I want to keep the machine-readable data in the log events, so e.g. I want to record the num_peers integer rather than mostly-irrevocably squashing it into a string right away (which is useful for a human but more of a hassle for a log viewer that wants to apply a filter to show all begin-upload messages for which num_peers<5).
OTOH, I don't want to have the log events retain references to large or mutable objects. What I'm planning is to pickle a dictionary that includes the format string and the arguments.
Anyways, this gives us the opportunity to ask those objects how they want to be represented, and we could apply a humanreadable()-type transformation on them at that time. Note that this could occur well after the log message was first recorded: for example, a post-mortem log display tool might apply humanreadable() only if the message is actually being displayed to a human. Many uses of the logfiles will display only a tiny fraction of the log events to a human, so doing lazy conversion seems to be a good idea.
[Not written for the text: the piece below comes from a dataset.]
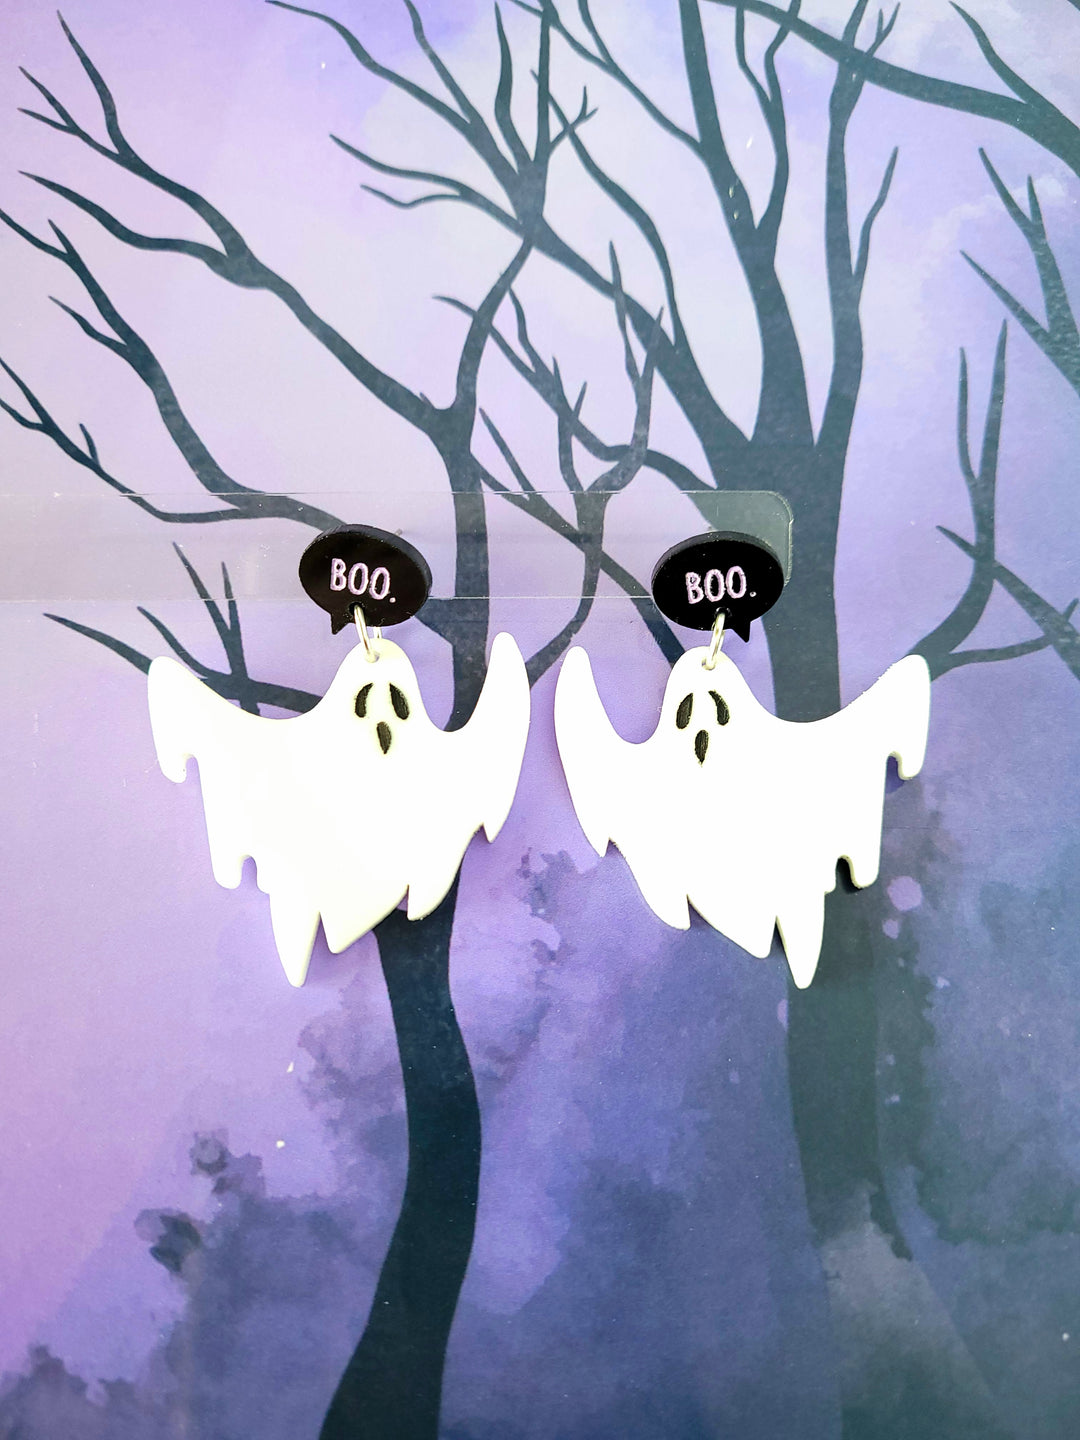 Boo Ghost Earrings

I'm not entirely convinced that this will help us hide private information from the logs: either you explicitly add code to the log.msg() call to wrap the arguments (in which case you make it a point to log e.g. the storage index instead of the full URI), or the code is blindly throwing its arguments into the log message (log.msg("callback fired: %s %s", args, kwargs), in which case the logger or humanreadable-izer or privacy-filterer needs to recursively traverse through the arguments and apply the filter to everything inside them.
Hmm. If I use foolscap serialization when recording these arguments, I get more control over what Slicers get used for each object. We could set up a context for that serialization that says "ask each object how it wants to be serialized, but remind them that we don't want to record any private information".
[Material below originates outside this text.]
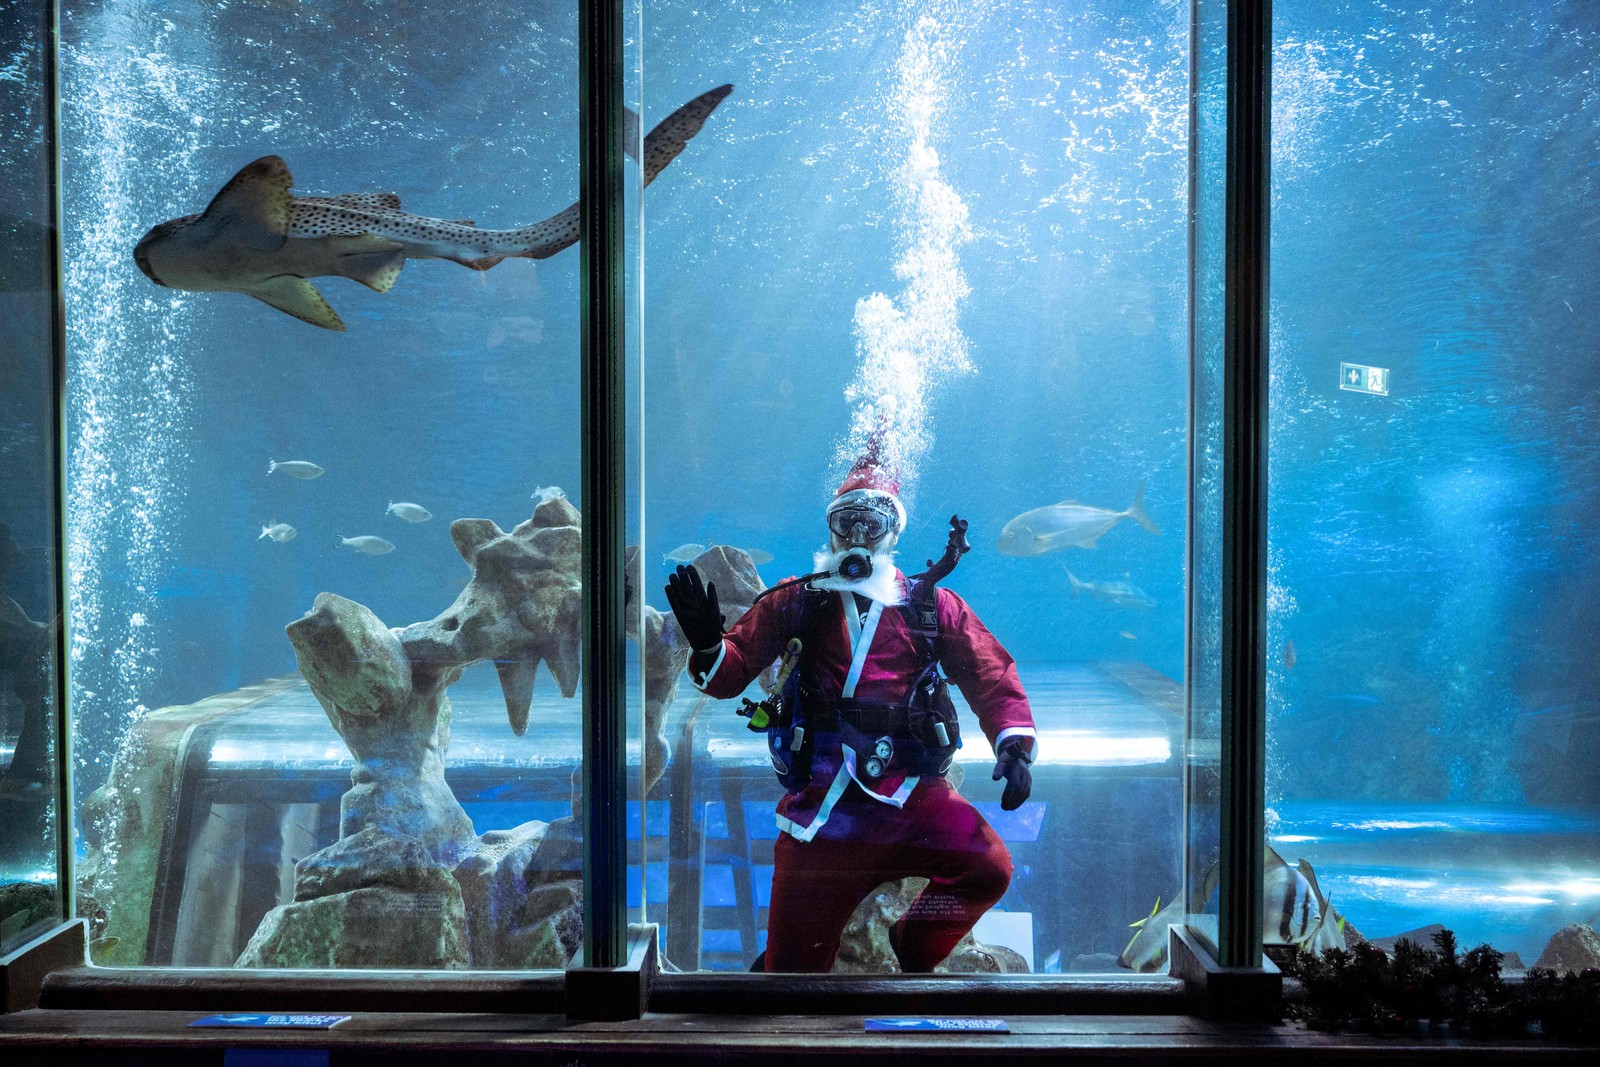 Mergulhador se fantasia de Papai Noel para alimentar animais de um aquário em Blackpool, norte da Inglaterra — Foto: OLI SCARFF/AFP

I still can't really see how to use that easily or safely, though.
comment:5 Changed at 2008-06-01T20:53:24Z by warner
- Milestone changed from eventually to undecided
comment:6 Changed at 2009-12-13T02:14:37Z by davidsarah
- Keywords logging added
comment:7 in reply to: ↑ 4 Changed at 2009-12-13T03:26:47Z by davidsarah
- Keywords privacy added
Replying to warner:
I'm not entirely convinced that this will help us hide private information from the logs: either you explicitly add code to the log.msg() call to wrap the arguments (in which case you make it a point to log e.g. the storage index instead of the full URI), or the code is blindly throwing its arguments into the log message (log.msg("callback fired: %s %s", args, kwargs), in which case the logger or humanreadable-izer or privacy-filterer needs to recursively traverse through the arguments and apply the filter to everything inside them.
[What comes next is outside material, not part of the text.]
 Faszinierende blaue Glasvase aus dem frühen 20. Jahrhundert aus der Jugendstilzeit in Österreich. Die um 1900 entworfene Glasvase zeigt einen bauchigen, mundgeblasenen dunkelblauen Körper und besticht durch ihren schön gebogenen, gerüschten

I'm also skeptical, but adding the privacy keyword anyway.
comment:8 Changed at 2009-12-13T04:09:52Z by zooko
There are three potentially private types of data in logs: caps, filenames, and IP addresses. I've had one user decline, at first, to send me his logs, and when I persuaded him that we weren't logging any filenames or caps then he went and ran some sort of sed script on the twistd.log to censor his IP address, and then when he realized that he couldn't use sed to do that to the foolscap logs (they are in a binary pickle format) then he went ahead and sent the foolscap logs even though they had his IP address in them.
I'm not sure what the moral of the story is, other than that there are only three specific types that (as far as I know) anybody cares to withhold when sharing their logs.
comment:9 Changed at 2012-02-16T16:30:01Z by davidsarah
- Keywords anonymity added
- Summary changed from logging: compress/truncate/encode/decode/format for human readability to logging: compress/truncate/encode/decode/format for human readability and privacy
Another feature that this could implement is hiding private information from logs.
Capabilities, for example, could be securely hashed, or even just truncated, so that the logs don't contain the authorities to a bunch of stuff. (Actually the truncation for human-readability might well accomplish this already.)